É antiga a jurisprudência da Segunda Seção no sentido de que o promitente comprador de imóvel pode pedir a resolução do contrato sob alegação de insuportabilidade da prestação devida:

“PROMESSA DE VENDA E COMPRA. RESILIÇÃO. DENÚNCIA PELO COMPROMISSÁRIO COMPRADOR EM FACE DA INSUPORTABILIDADE NO PAGAMENTO DAS PRESTAÇÕES. RESTITUIÇÃO. – O compromissário comprador que deixa de cumprir o contrato em face da insuportabilidade da obrigação assumida tem o direito de promover ação a fim de receber a restituição das importâncias pagas. Embargos de divergência conhecidos e recebidos, em parte. (EREsp. 59870/SP, Rel. Ministro BARROS MONTEIRO, SEGUNDA SEÇÃO, julgado em 10/04/2002, DJ 09/12/2002, p. 281)”

É assente o entendimento de que a resolução do contrato de promessa de compra e venda de imóvel por culpa (ou por pedido imotivado) do comprador, no caso consumidor, gera o direito de retenção, pelo vendedor, de parte do valor pago, isso para recompor eventuais perdas e custos inerentes ao empreendimento, sem prejuízo de outros valores decorrentes, por exemplo, da prévia ocupação do imóvel pelo consumidor.
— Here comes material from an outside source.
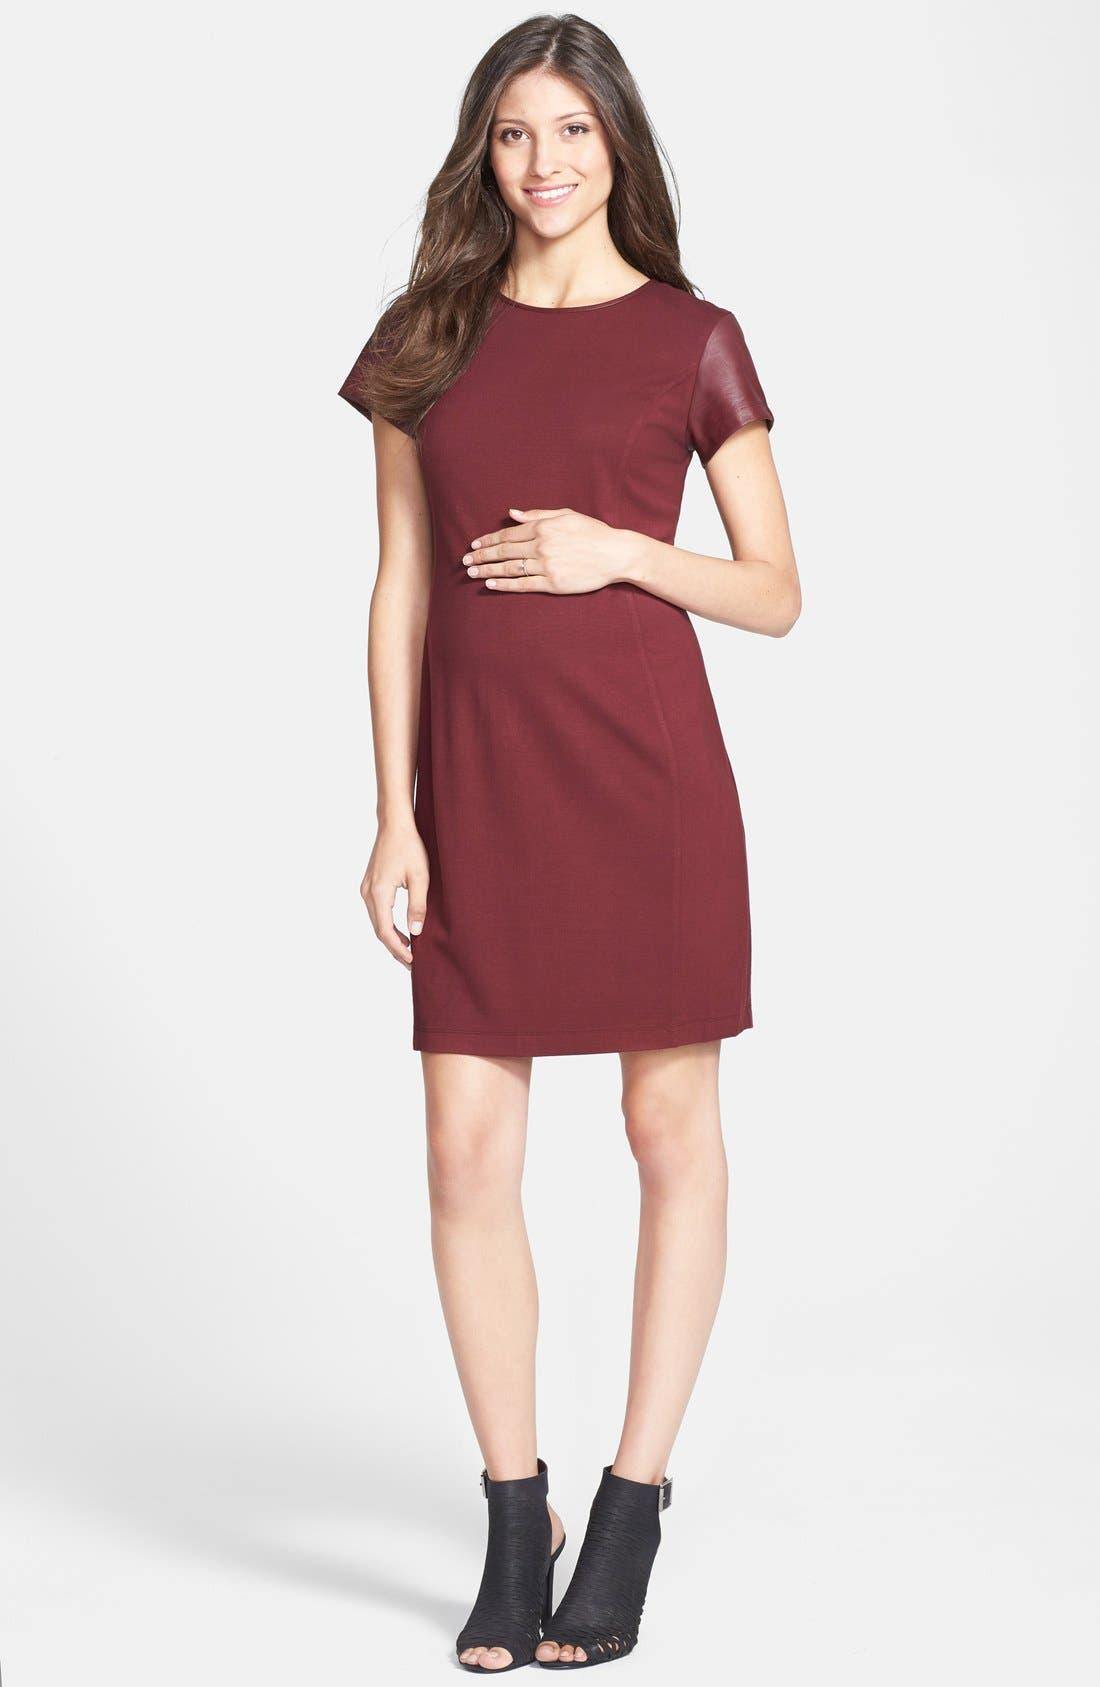 Main Image - Tart Maternity 'Braidy' Faux Leather Sleeve Maternity Dress

No mencionado precedente da Segunda Seção (EREsp. 59.870/SP) adotou-se como parâmetro razoável – mas não peremptório – para a retenção o percentual de 25% sobre as parcelas pagas pelo consumidor, entendimento que vem sendo replicado cotidianamente por esta Corte: EAg 1138183/PE, Rel. Ministro SIDNEI BENETI, SEGUNDA SEÇÃO, julgado em 27/06/2012; AgRg no REsp 927.433/DF, Rel. Ministra MARIA ISABEL GALLOTTI, QUARTA TURMA, julgado em 14/02/2012; REsp 838.516/RS, Rel. Ministro LUIS FELIPE SALOMÃO, QUARTA TURMA, julgado em 17/05/2011; AgRg no Ag 1010279/MG, Rel. Ministro FERNANDO GONÇALVES, QUARTA TURMA, julgado em 12/05/2009.

Portanto, a consequência jurídica para a resolução do contrato por culpa do promitente comprador é a perda parcial das parcelas pagas em benefício do construtor/vendedor, devendo o saldo, todavia, ser restituído imediatamente à resolução da avença.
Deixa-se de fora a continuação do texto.